Пашка смирившись, смотрит в пространство над моей головой, шевелит губами, кивает своими вихрами, и, откашлявшись, говорит:

Мы с братом сидим
у Ильи, - он ведь третий
наш брат. Так-то вот.

- Точно! - тут же вопит Никитос. - Вмазать надо!

Рехнуться с эти ребёнком! А Пашка ждёт, что я скажу. А ведь неплохо, корявенько чуть, - но ведь какое чувство…

- Спасибо, Паш, - отзываюсь я. - Я даже не знаю, что сказать… Что ж, выпьем!

Пашка сдержано кивает головой, он ощущает моё ответное чувство, он всё сказал, это не слова даже, это… Мы с Пашкой, глядя друг другу в глаза, выпиваем наш коньяк. Заноза, с некоторой всё же опаской, пробует вино. Ага, понравилось… Эк он присосался…

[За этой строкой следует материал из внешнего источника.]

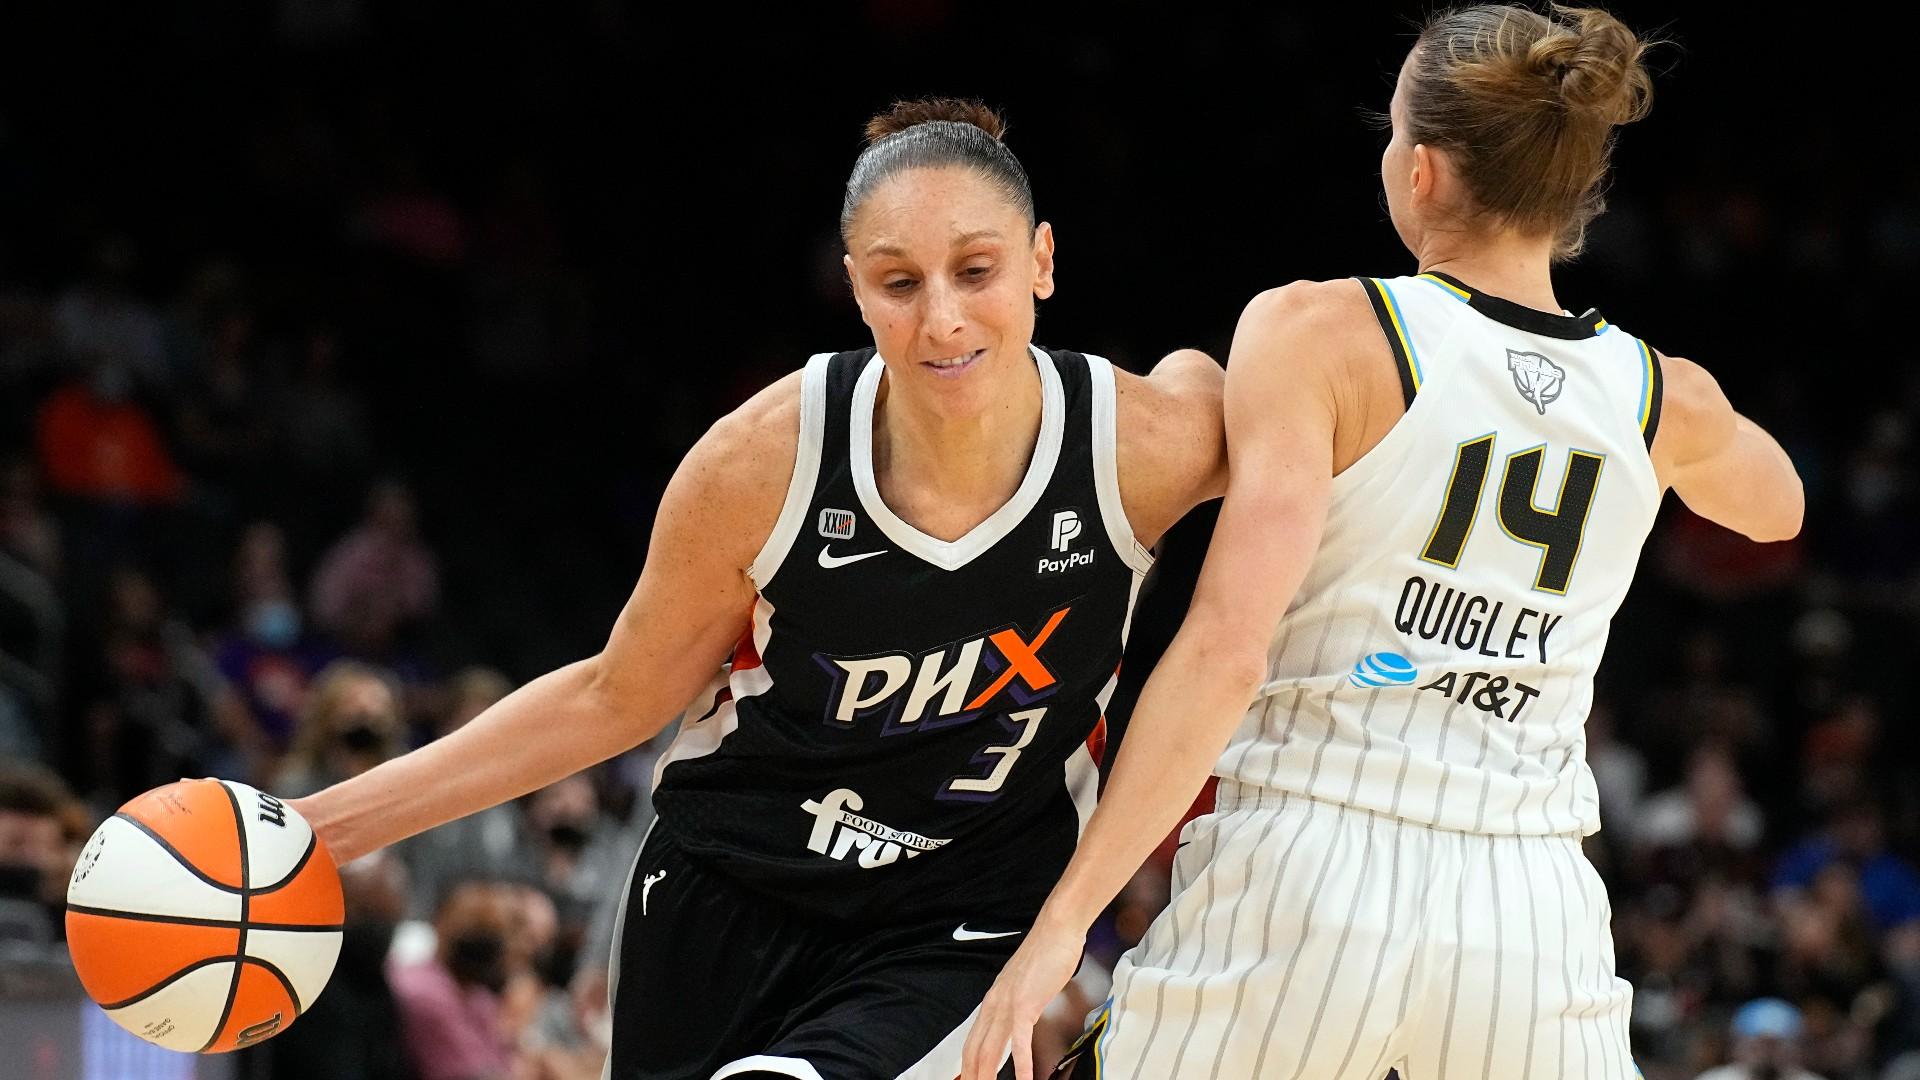 Phoenix Mercury guard Diana Taurasi drives on Chicago Sky guard Allie Quigley (14) during the first half of Game 2 of basketball's WNBA Finals, Wednesday, Oct. 13, 2021, in Phoenix. (AP Photo / Rick Scuteri)
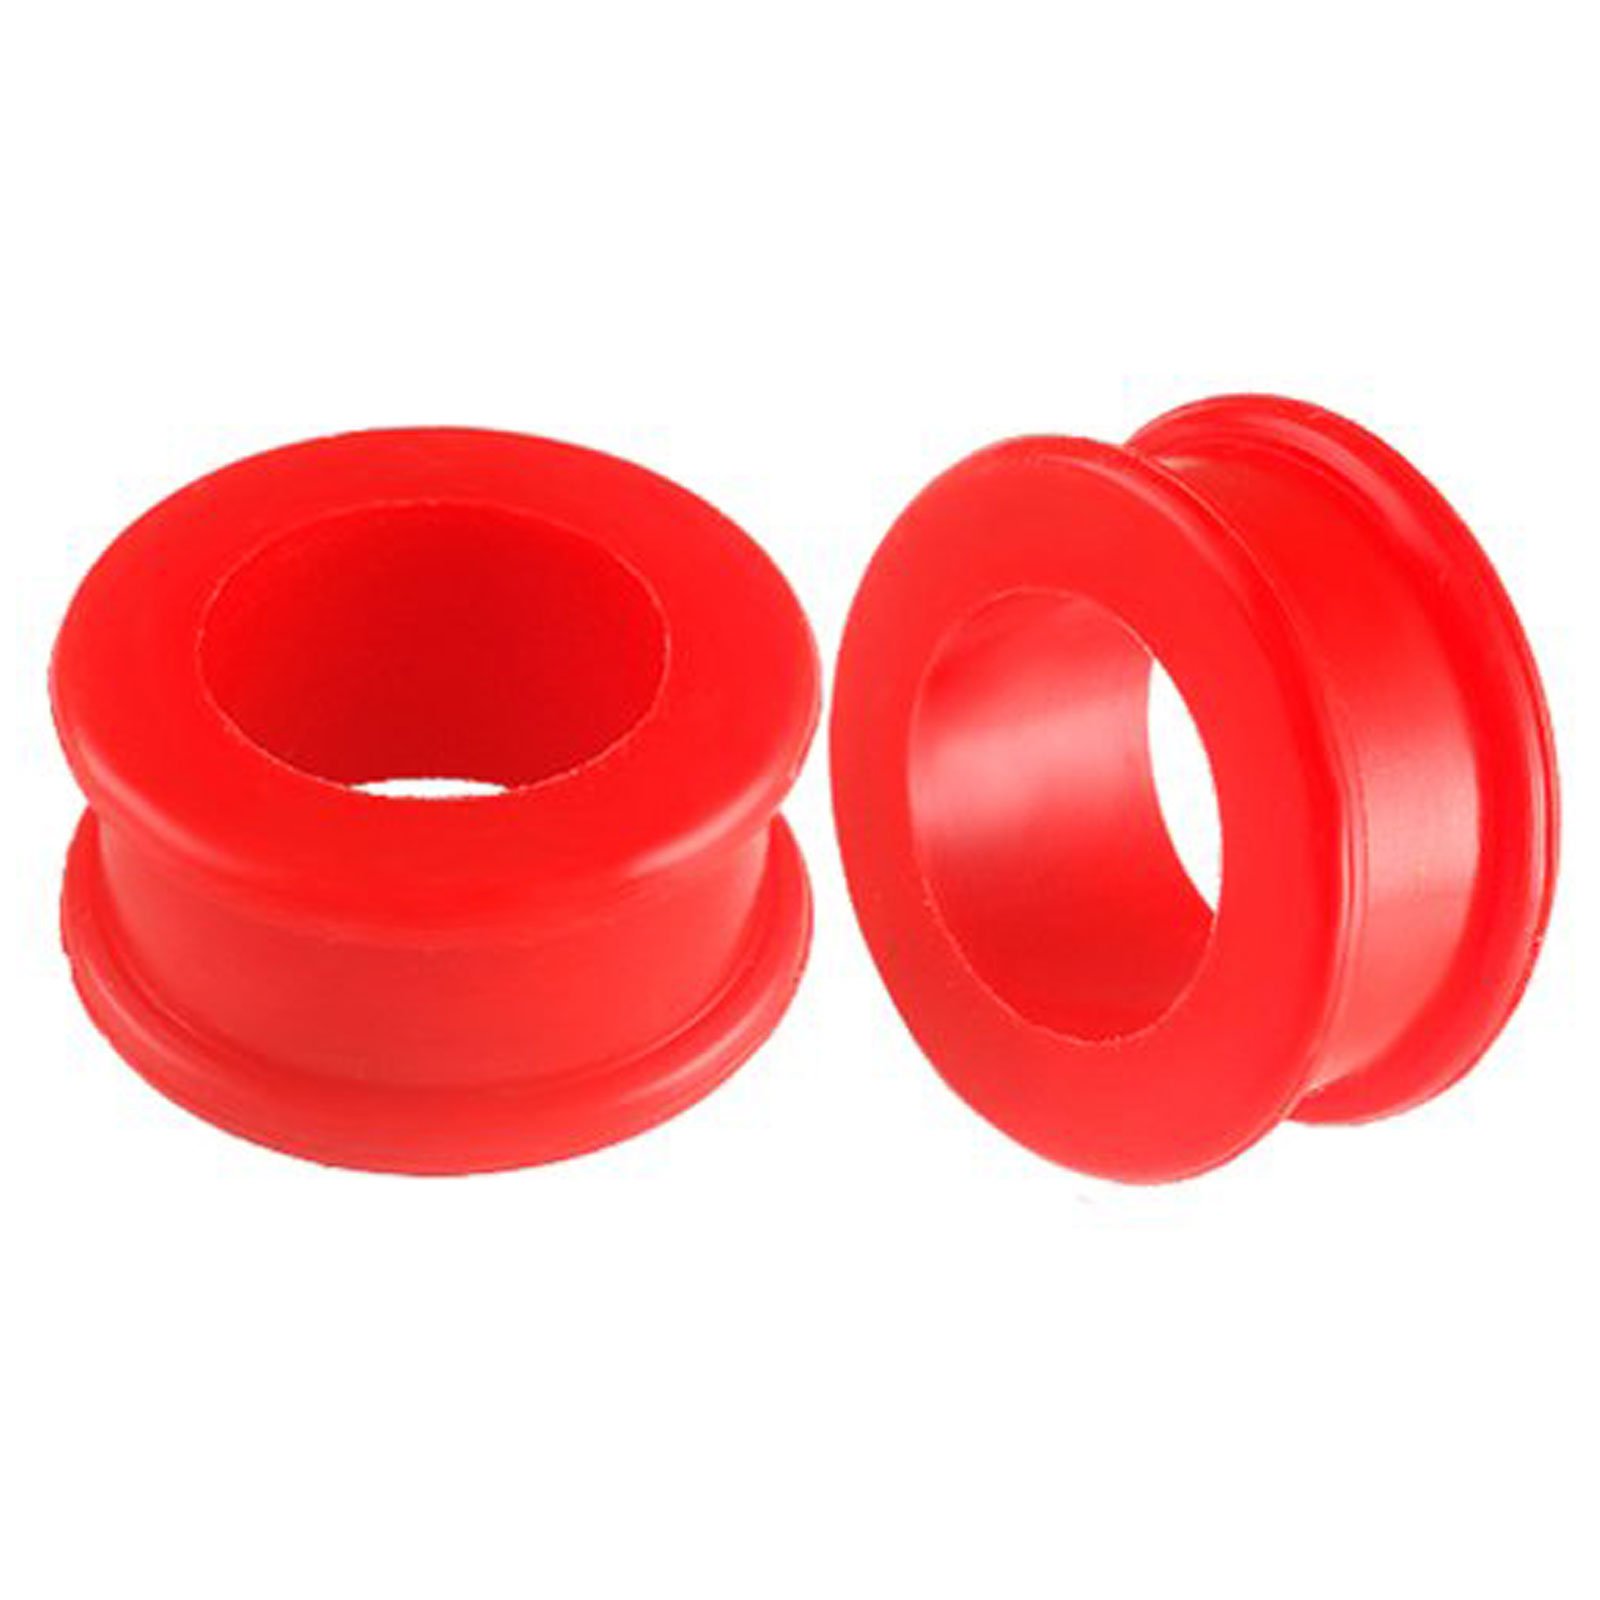 bodyjewellery 15/16 24mm Red Implant grade sili Double Flare Tunnels Ear Gauge Plugs SI01 AEBS Ear Stretching Stretchers Piercing 2Pcs

- Никитос, блин! А ну, поставь бокал! Хватит пока. Пашка, как коньяк? Otard, - говорят, что один из лучших… XO Excellence.

- Ил, а тётя Наташа не хватится? Если лучший, так дорогой значит.

- Спохватился! Расслабься, всё пучком будет. Никита, да отцепись ты от спальника этого, никуда он от тебя не денется.

- Ил, а можно я его домой возьму на время? Я бы в нём бы поспал бы пока…

- Пока - что, болячка?

- Пока не надоест ему, Паш. Да пусть берёт, не отстанет ведь. Только с родителями сам объясняйся, Никитос.

- А чего там с ними объясняться? - удивляется Заноза. - Делов-то. Слушайте, а научите меня этим вашим хокку! Вот бы я бы! В школе бы! Все лягут!

- Могу себе представить… - бормочет себе под нос Пашка.

- Да уж… Ну, так, - это вот без меня, Пашка захочет, - пусть. Вся ответственность на нём… Никита, как так можно, - всё в кучу? Ветчина, конфеты, сыр, виноград…

- Жалко? Вот жалко тебе? Ну, тогда и молчи тогда. В рот смотрят, блин! Ходи к ним в гости…

- Звали тебя, да? У-у, Занозинский, какой ты всё-таки…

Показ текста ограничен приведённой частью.